▶ **WHAT IS EXPECTED**:
Could you set down only the lines from the one including "Die Skulptur ist" to the end of the records below, inclusive and exact, leaving pictures out?

(Records drawn from a dataset)
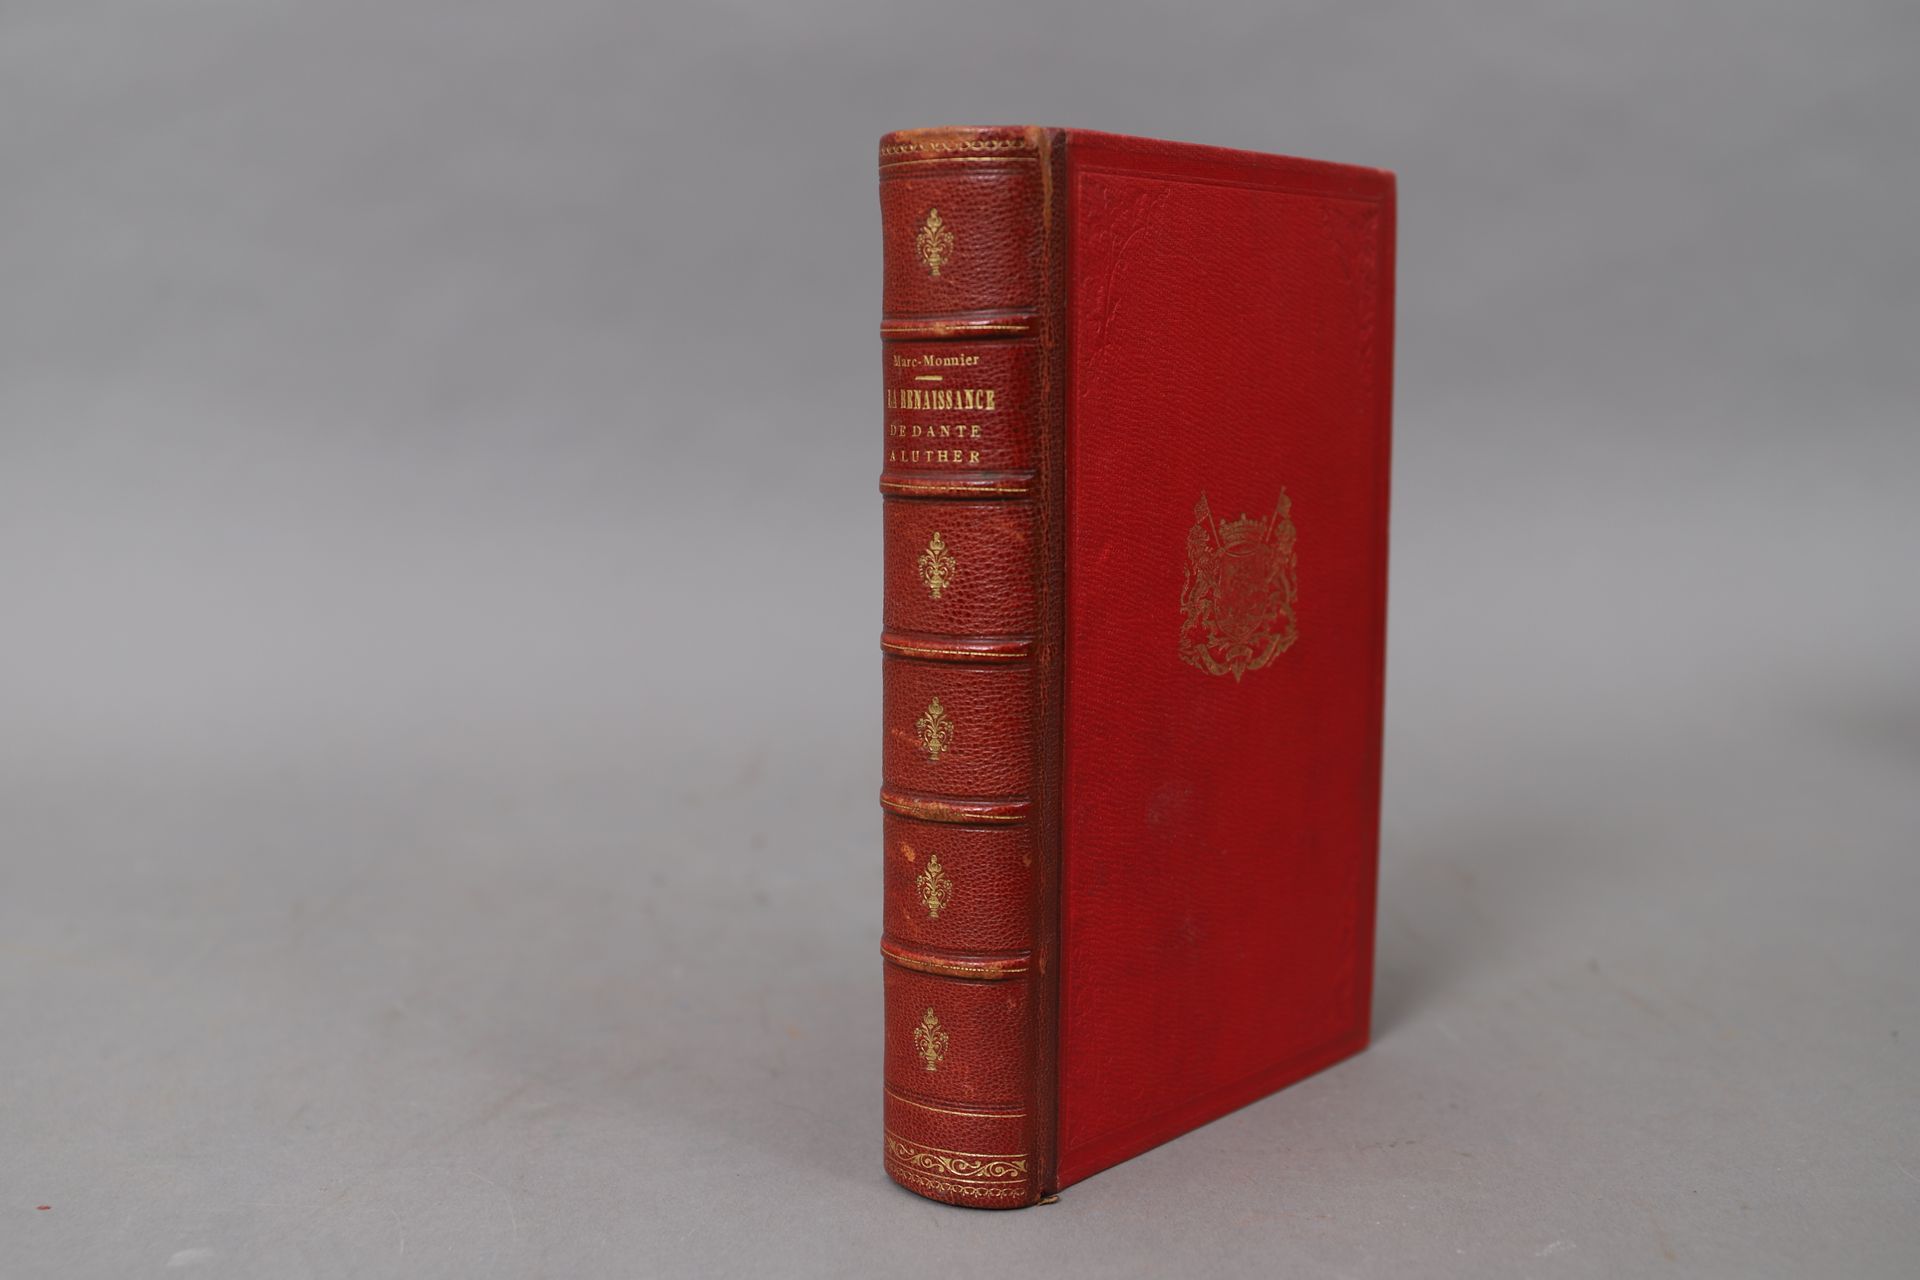 Null EL RENACIMIENTO de DANTE a LUTHER.

1889, 

atado en medio rojo de la angus&hellip;
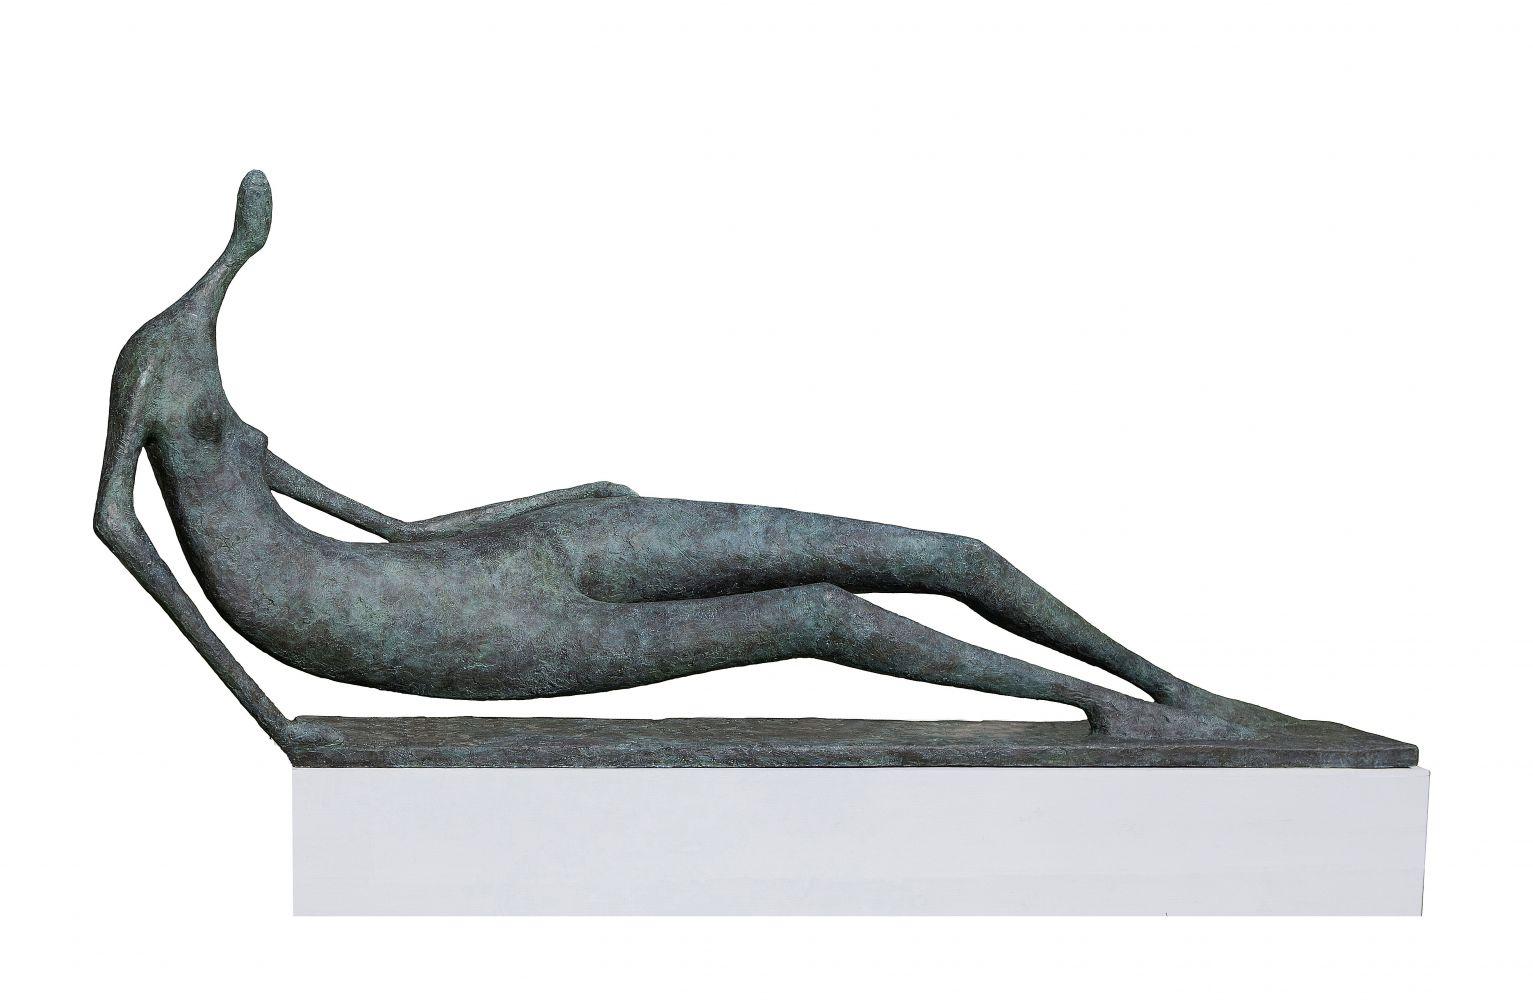 Monumental Lying Figure ist eine Bronzeskulptur des französischen zeitgenössischen Künstlers Pierre Yermia mit den Maßen 110 × 310 × 60 cm (43,3 × 122 × 23,6 in).  
Die Skulptur ist signiert und nummeriert, gehört zu einer limitierten Auflage von 8
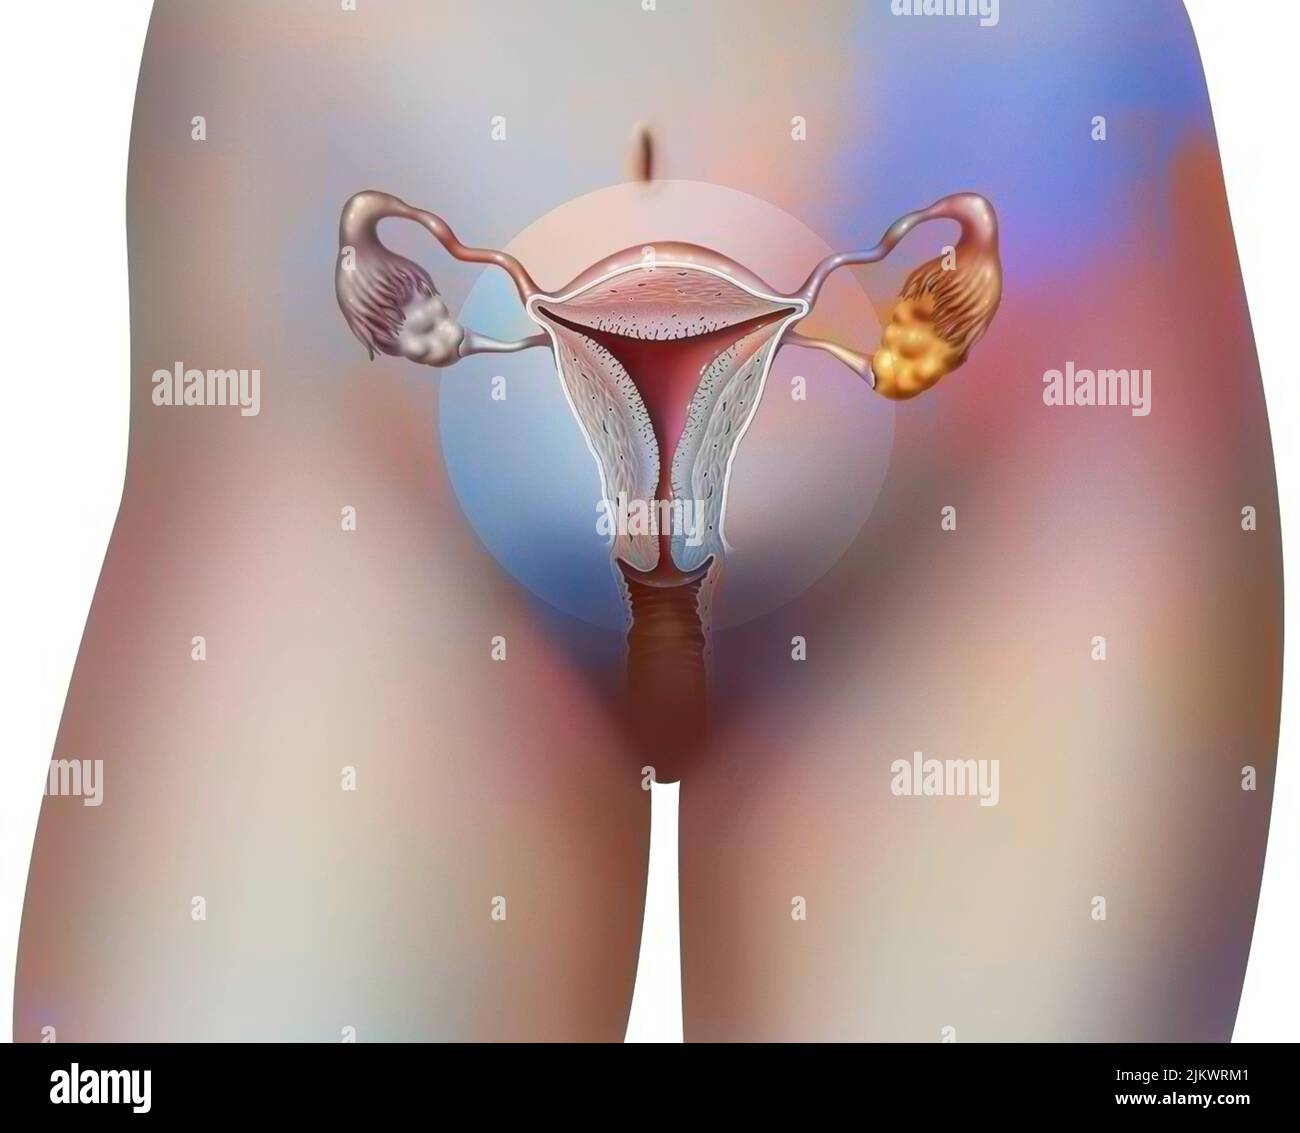 Vue antérieure des organes génitaux féminins avec vagin, utérus, trompes de Fallope, ovaires. Banque D'Images

▶ **TASK SOLUTION**:
Die Skulptur ist signiert und nummeriert, gehört zu einer limitierten Auflage von 8
 Vue antérieure des organes génitaux féminins avec vagin, utérus, trompes de Fallope, ovaires. Banque D'Images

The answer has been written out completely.